The value of the amplitude corresponding to the * * * vibration frequency can be obtained by the following methods:

Cut off the power supply of the motor, set the pointer F of the angle dial to the "0" position, turn the pendulum wheel to a larger position (about 1400 ~ 1500) by hand, and then release it. The balance wheel attenuates vibration and reads out the corresponding swing period of each amplitude value. This method can be repeated several times.

Attachment: Adjustment method of ZKY-BG Boer vibroseis

All parts of the Bohr vibrometer have been calibrated, so please don't disassemble and replace them at will. The electric control box is connected with the host through a special cable, which will not be confused. Be sure to understand the functions of each switch and knob before use.

If it is found that the instrument is not working normally after transportation or experiment, it can be adjusted. The specific steps are as follows:

1, set the angle dial pointer f to "0".

2. Loosen the lock nut of the connecting rod, then turn the connecting rod E so that the rocker arm M is in a vertical position, and then fix the lock nut.

3. At this time, a long notch (marked with white paint line) on the balance wheel should be basically aligned with the pointer. If obvious deviation is found, you can slightly loosen the three fixing screws on the back of the balance wheel, hold the inner end of the spiral spring B with one hand, turn the balance wheel with the other hand to align the white paint line with the tip, and then tighten the three screws: generally, this adjustment is rarely made as long as the length of the spring B is not changed.

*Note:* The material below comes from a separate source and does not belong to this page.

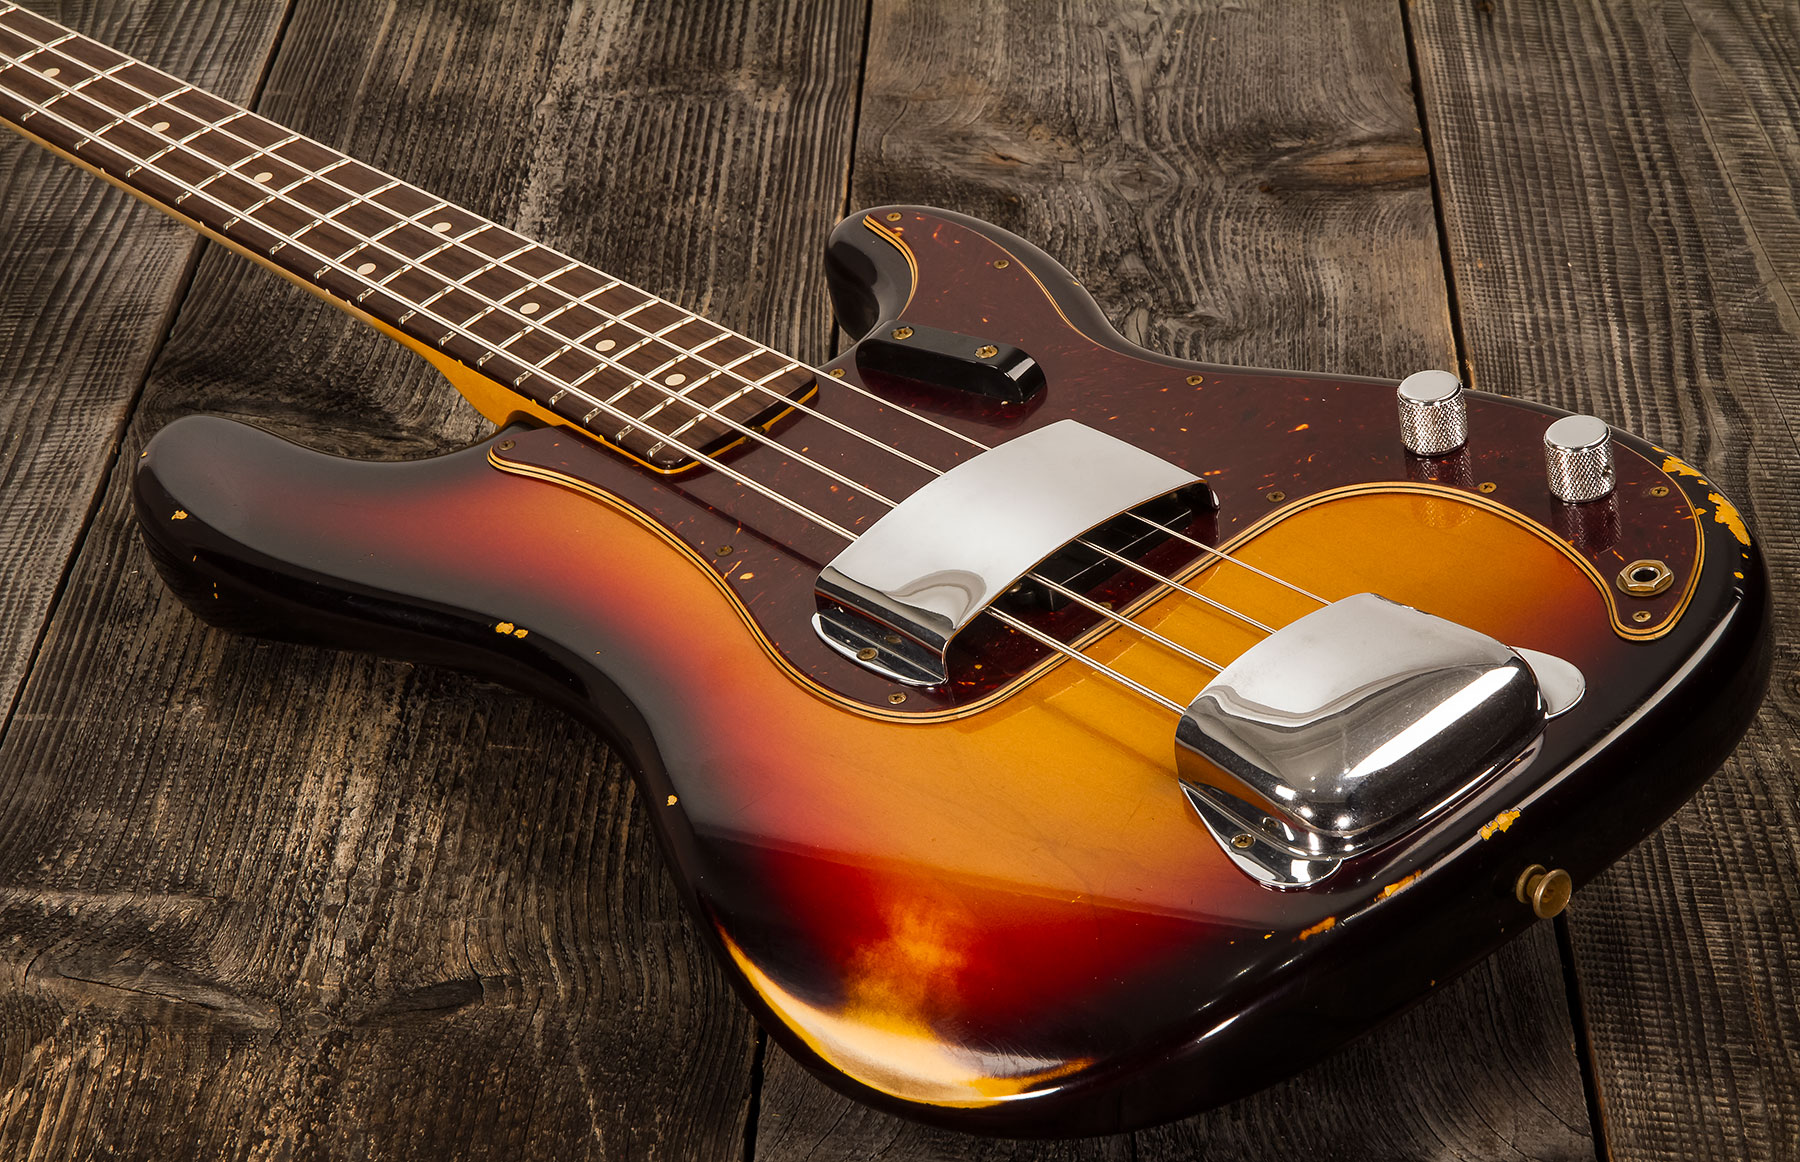 Fender Custom Shop Precision Bass 1961 Rw #cz556533 - Relic 3-color Sunburst - Solidbody E-bass - Variation 2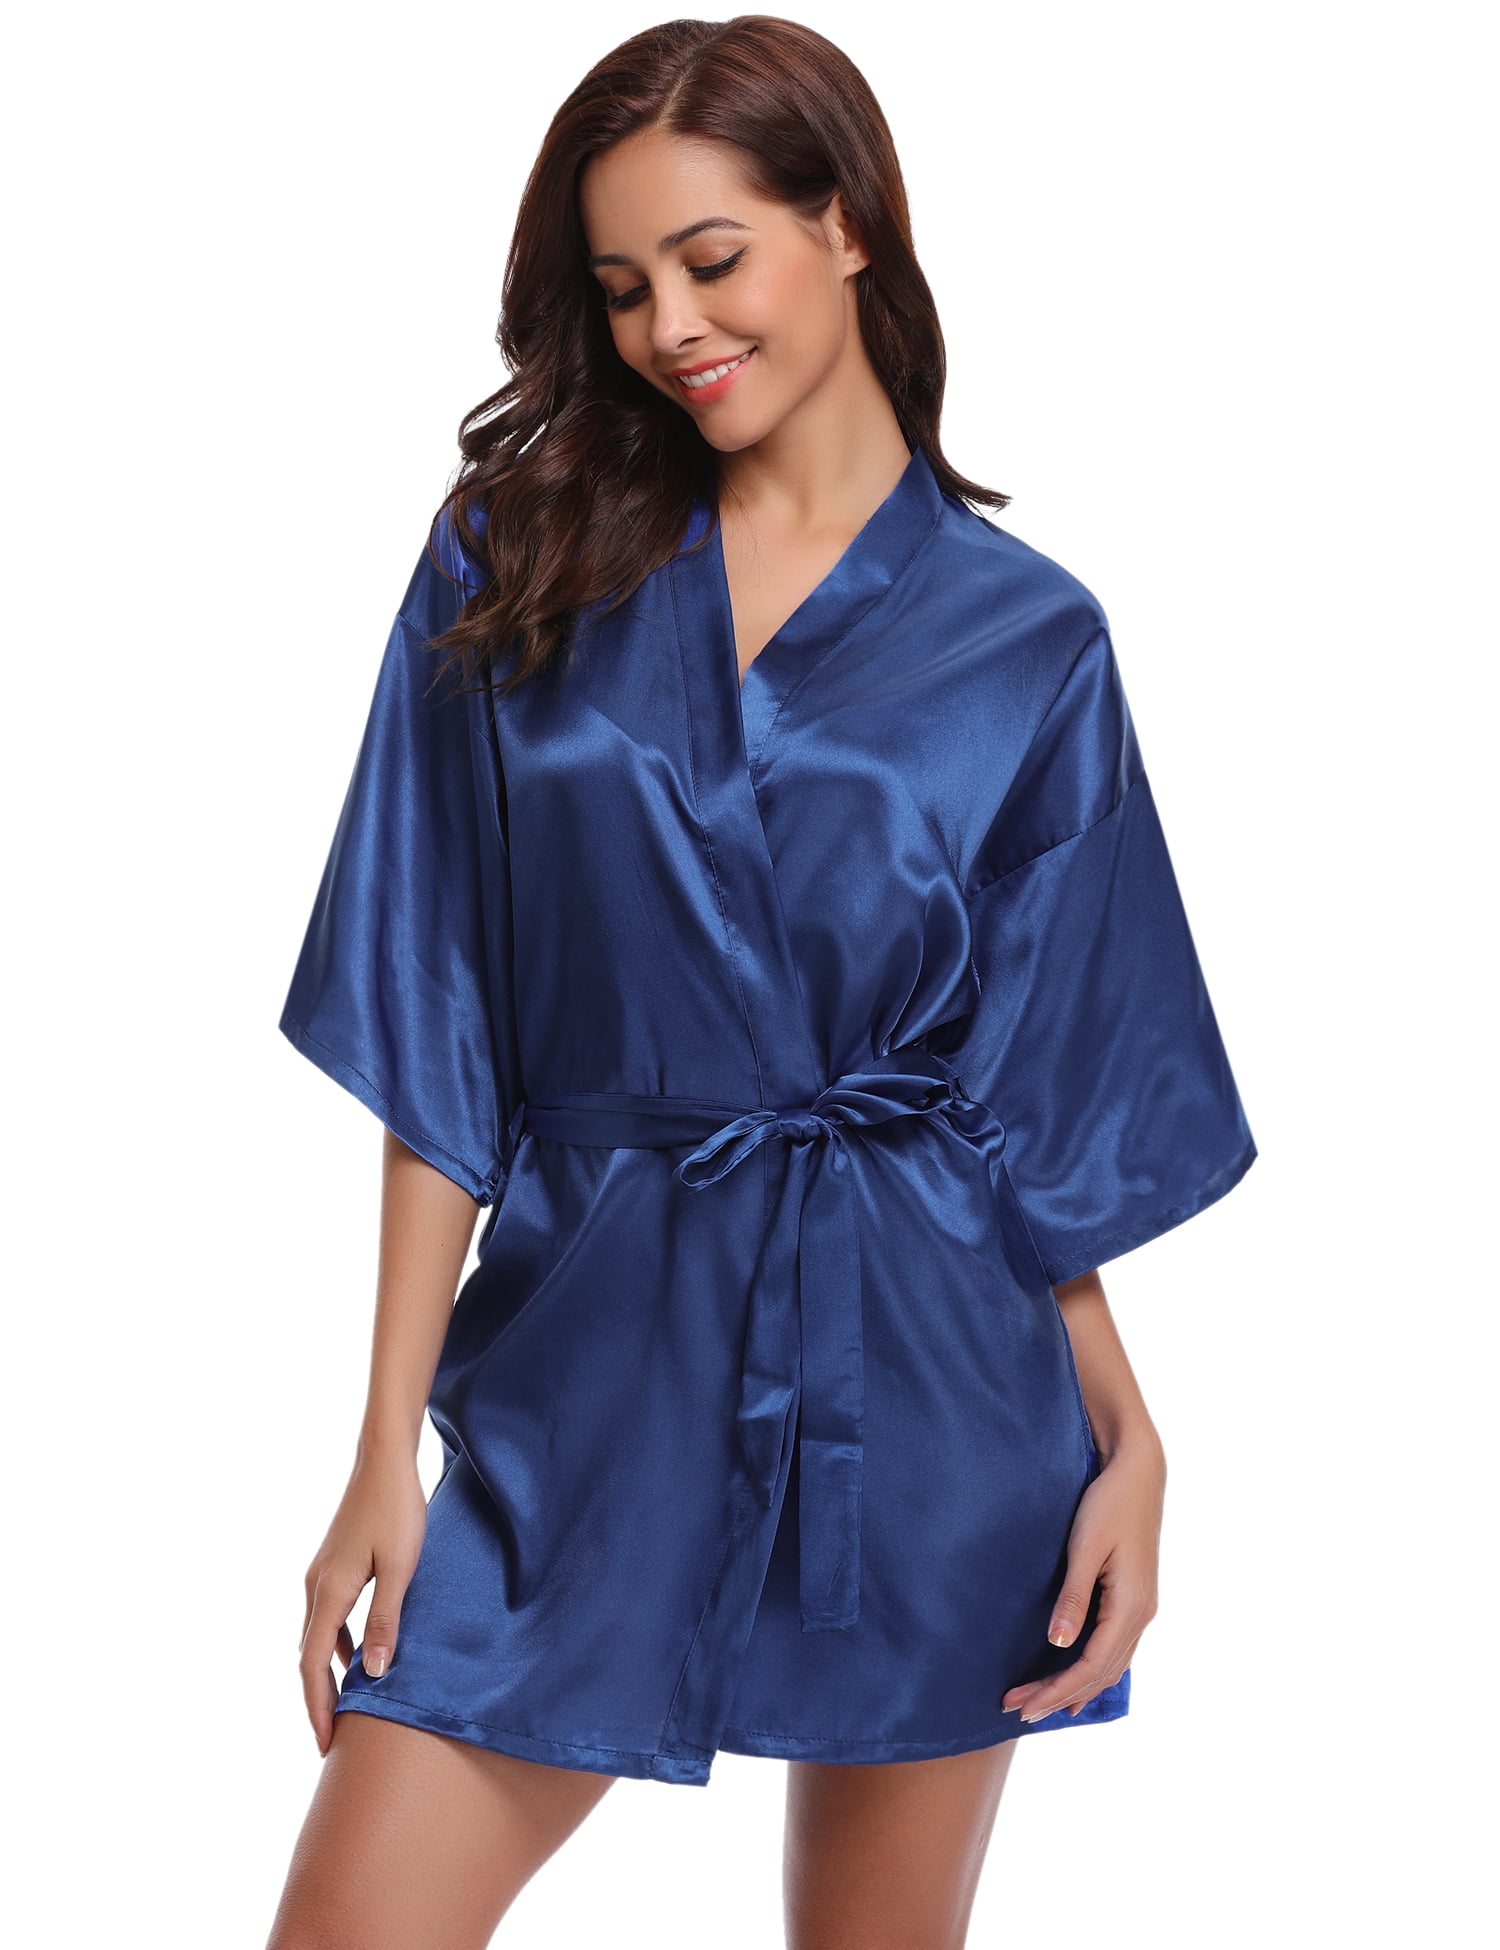 Abollria Womens Nightdress Ladies Cotton Sleeveless Nightwear Solid Long Sleepwear

4. If the clamping screw L at the outer end of the joint between the spring B and the rocker M is loosened, the outer ring of the spring B can move at will (it can be shortened and lengthened), and the shortened distance should not be less than 6cm. When tightening the end clamping screw, the spring must be kept in the vertical plane, otherwise the experimental results will be obviously affected.

Align the center of the photoelectric door H with the white paint line (that is, the long slit) on the balance wheel, and keep the balance wheel swinging freely in the middle slit of the photoelectric door. At this time, you can select the damping switch "1" or "2" to turn on the motor. At this time, the balance wheel will be forced to vibrate. When it reaches a stable state, turn on the flash switch. At this time, you will see that the pointer F has a seemingly fixed reading on the phase difference dial, and the time difference between the two readings is 656. Within (no more than 2? When the experiment can be carried out), if a big difference is found, the position of the photoelectric gate can be adjusted. If the difference is more than 5? Above, you must repeat the above steps to readjust.

Due to the problems in the process of making the spring, there may be a phenomenon that the two ends of the pointer F overlap well, the middle is poor, or the middle is good and the two ends are poor when measuring the phase difference.

[Notes]

All parts of Bohr vibrometer are assembled accurately, so you can't touch them at will. The knobs and buttons on the control box and panel have many functions. After understanding its function, you must follow the rules.

Matters needing attention in Niels Bohr's vibration experiment:

1. When doing the free oscillation experiment, be sure to write down the balance period during the free oscillation experiment;

2. During the forced oscillation experiment, adjust the knob on the instrument panel to change different motor rotation periods, which must be done 3 ~ 1 1 times, including that the motor rotation period is the same as the free oscillation period in the free oscillation experiment.

3. In the forced oscillation experiment, the period of the motor and the balance wheel must be the same and the amplitude must be stable in order to record the experimental data.

4. After the students finish the experiment, the measurement data must be saved.